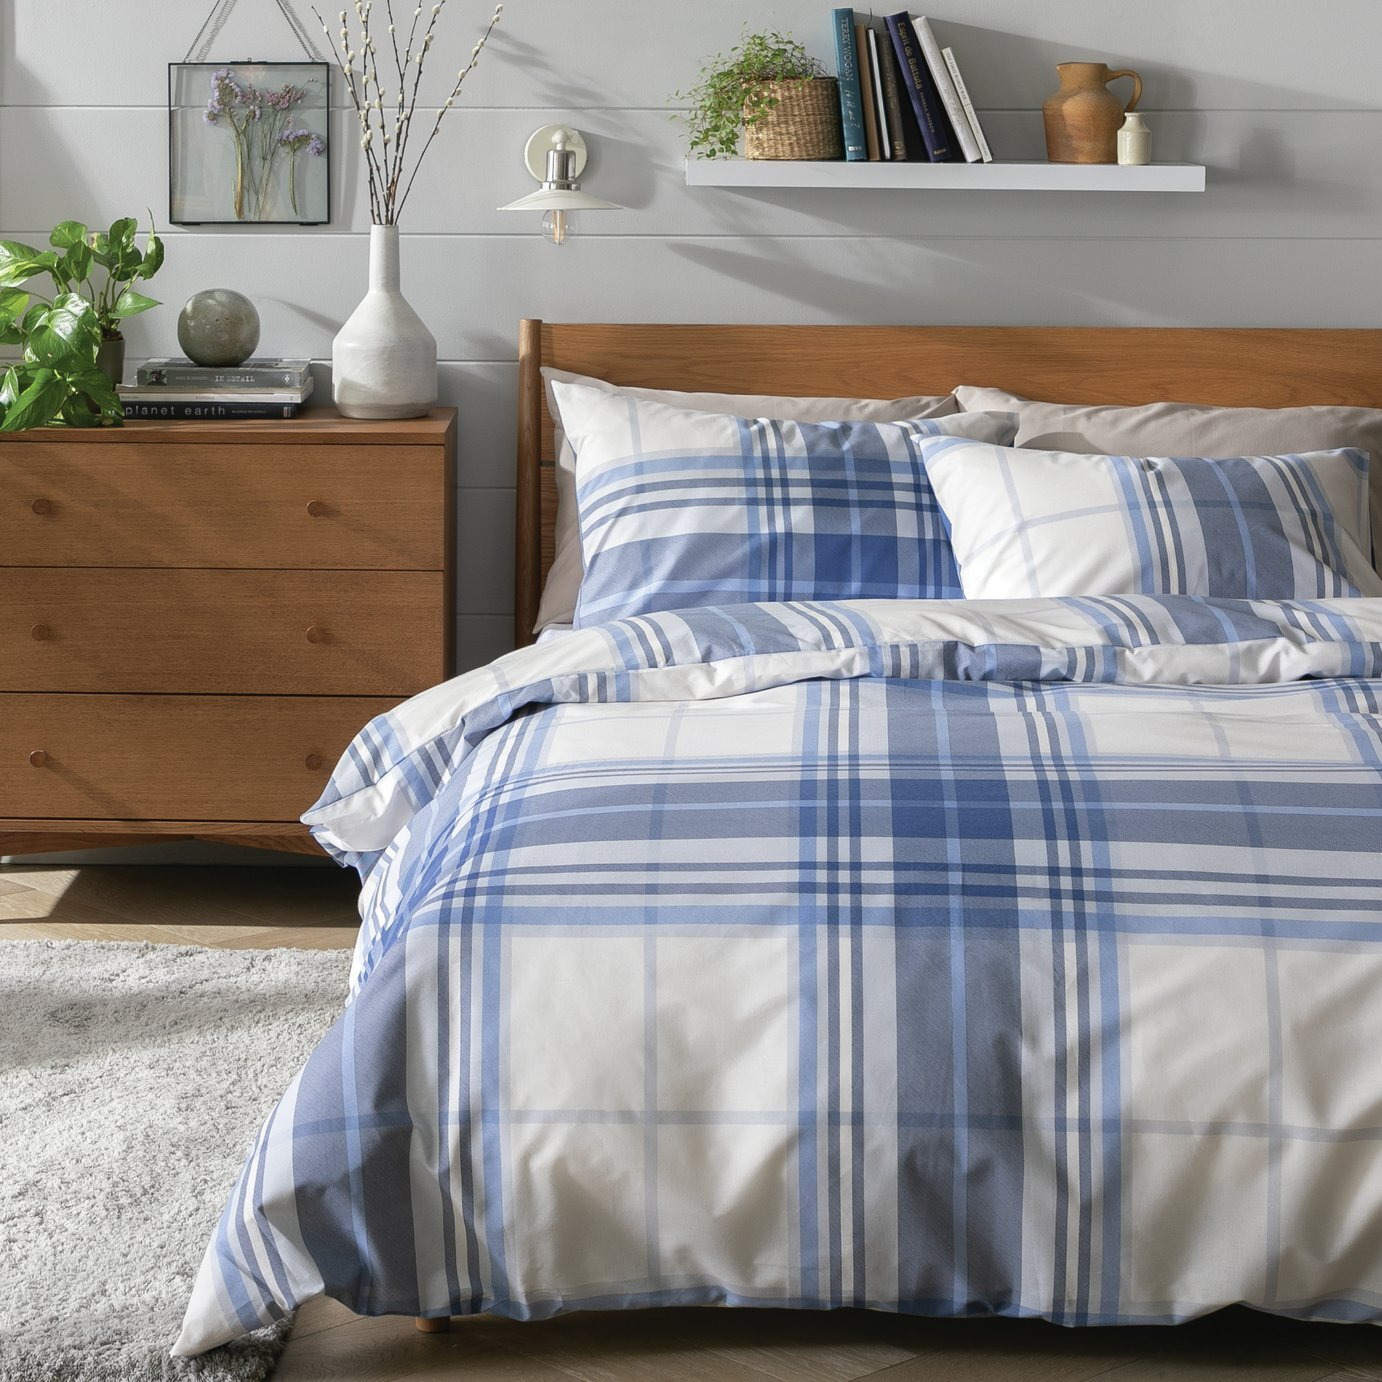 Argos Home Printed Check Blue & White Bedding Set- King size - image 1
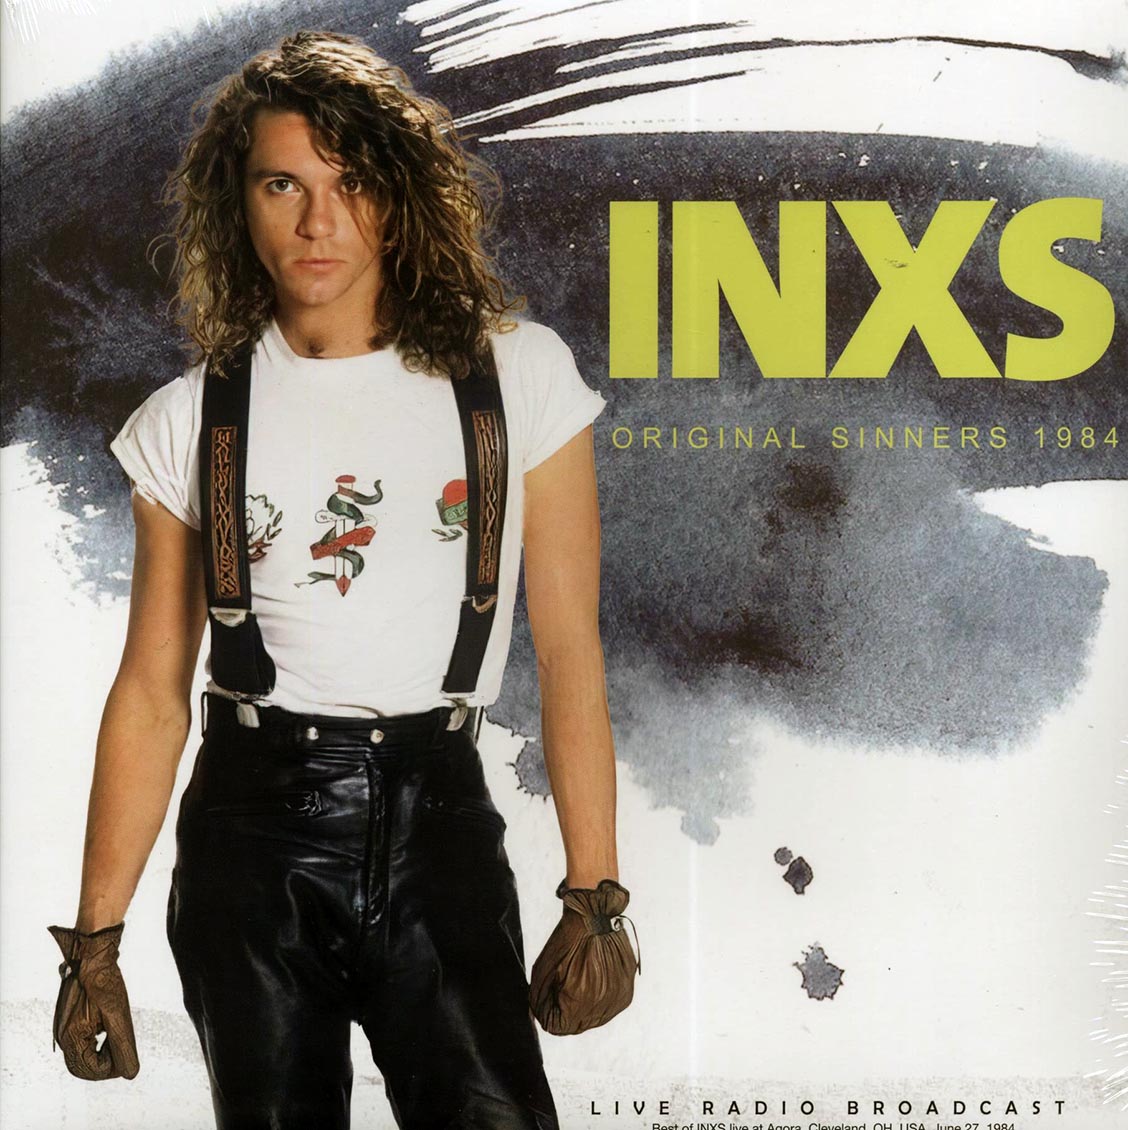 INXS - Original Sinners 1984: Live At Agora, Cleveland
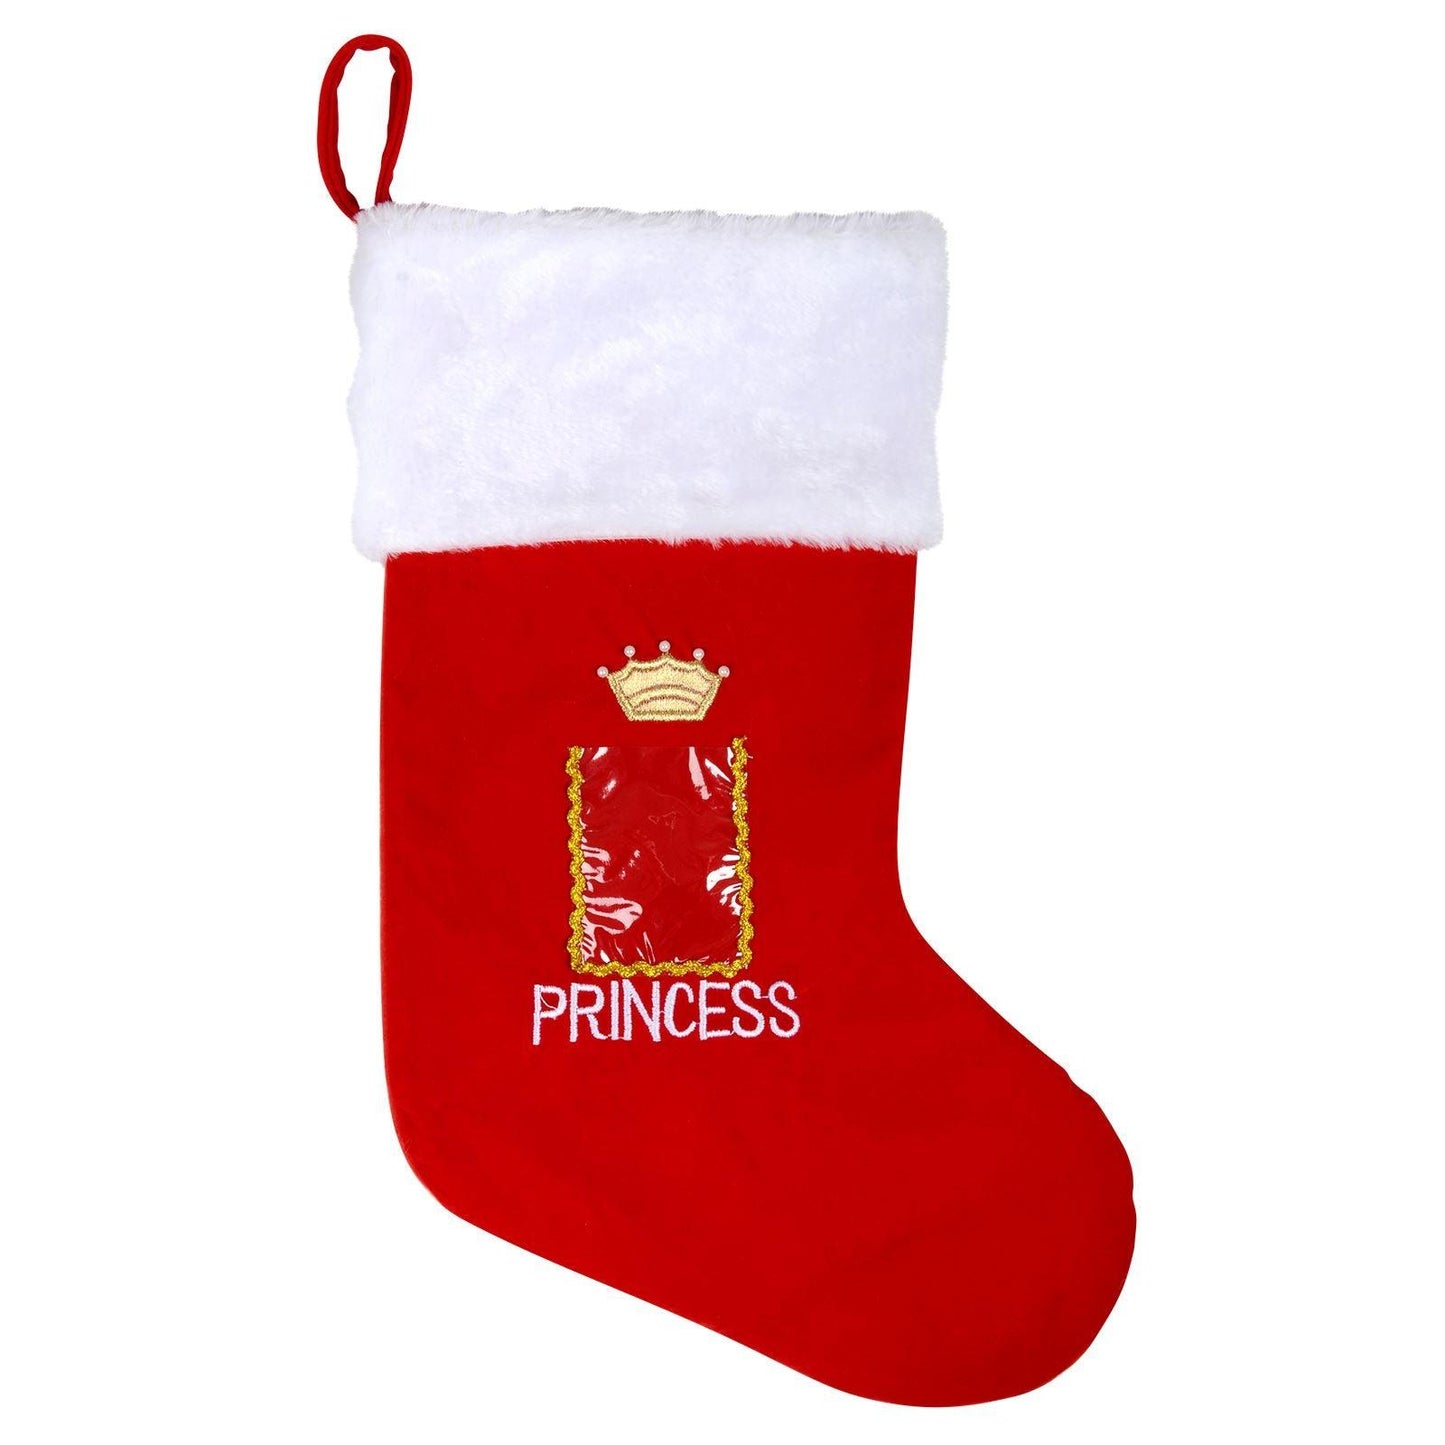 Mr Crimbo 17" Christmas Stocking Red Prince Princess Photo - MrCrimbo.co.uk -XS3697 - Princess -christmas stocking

→ Prompt
Repeat the data word for word, minus any pictures.

→ Answer area
 Argos Home Printed Check Blue & White Bedding Set- King size - image 1
 INXS - Original Sinners 1984: Live At Agora, Cleveland
 Mr Crimbo 17" Christmas Stocking Red Prince Princess Photo - MrCrimbo.co.uk -XS3697 - Princess -christmas stocking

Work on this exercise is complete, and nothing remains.